In its broadest conception, the term “biofuels” implies the action of living organ­isms in one or more of the steps required to reduce inorganic carbon to an energy — dense form: the capture of energy and transduction of that energy to a usable form; the reduction of carbon from the +4 oxidation state; and the elaboration of that reduced carbon into a final fuel molecule. The diversity of the microbial world— and especially of the deep oceans—is staggering: the ocean contains 300,000 times more bacteria than there are stars in the visible universe [59, 61]. Fewer than 1% of these microbes have been identified and fewer than 0.1% of marine microorganisms have been cultured [18, 29] . This astonishing store of diversity offers tremendous opportunities for many branches of science, including energy transduction and car­bon fi xation.

Photosynthesis is but one of the approaches to carbon fixation found in nature; myriad life forms exist in ecological niches where both reduced carbon and light are nonexistent. Such organisms assimilate energy from other energy rich (reduced) species, including H2, H2S, NH3 . and reduced metals ions.
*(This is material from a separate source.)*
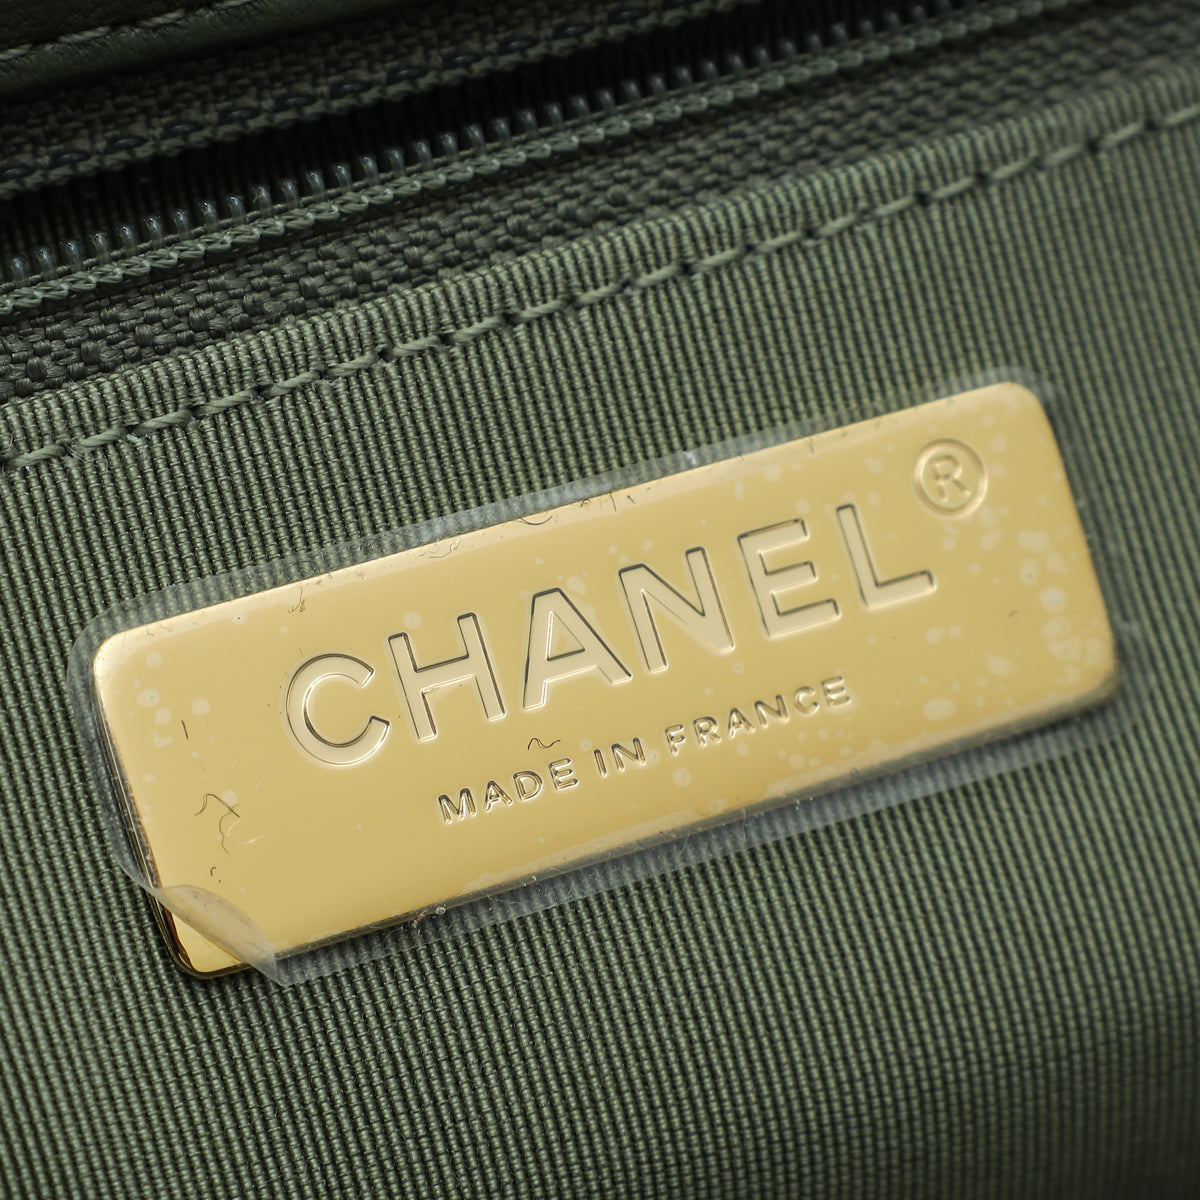 Chanel Light Moss Green 19 Maxi Flap Bag

A group of so-called electrotrophs are capable of accepting reducing equivalents directly as electric current [39]. Many chemolithoautotrophs use carbon fixation cycles other than the CBB cycle, including the reductive acetyl-CoA, the reductive citric acid, and 3-hydroxypropionate-4-hydroxybutyrate cycles; some of these pathways offer significant advantages over the CBB cycle [5]. Such organisms might serve as factories for the high-efficiency production of liquid fuels from renewable forms of energy.

To address these fundamental questions the Electrofuels program seeks routes to biofuels that surpass the inherent limitations of photosynthesis. At the core of the program are chemolithoautotrophic microorganisms, organisms capable of fixing and reducing inorganic carbon but that derive energy from a variety of inor­ganic substrates. Such microorganisms might produce renewable biofuels from solar electricity, either directly or through the agency of a soluble mediator. This solar electricity could come from photovoltaic cells that even now capture >20% of the total solar spectrum [ 25] ; or the energy could come from other renewable sources (hydro, wind, wave, tidal), or non-fossil-based heat (geothermal, concentrating solar, nuclear). The approaches considered under the Electrofuels program tap the enormous and largely unexplored diversity of the microbial world, and may offer routes to advanced biofuels significantly more efficient, scalable and feedstock- flexible than routes based on photosynthesis.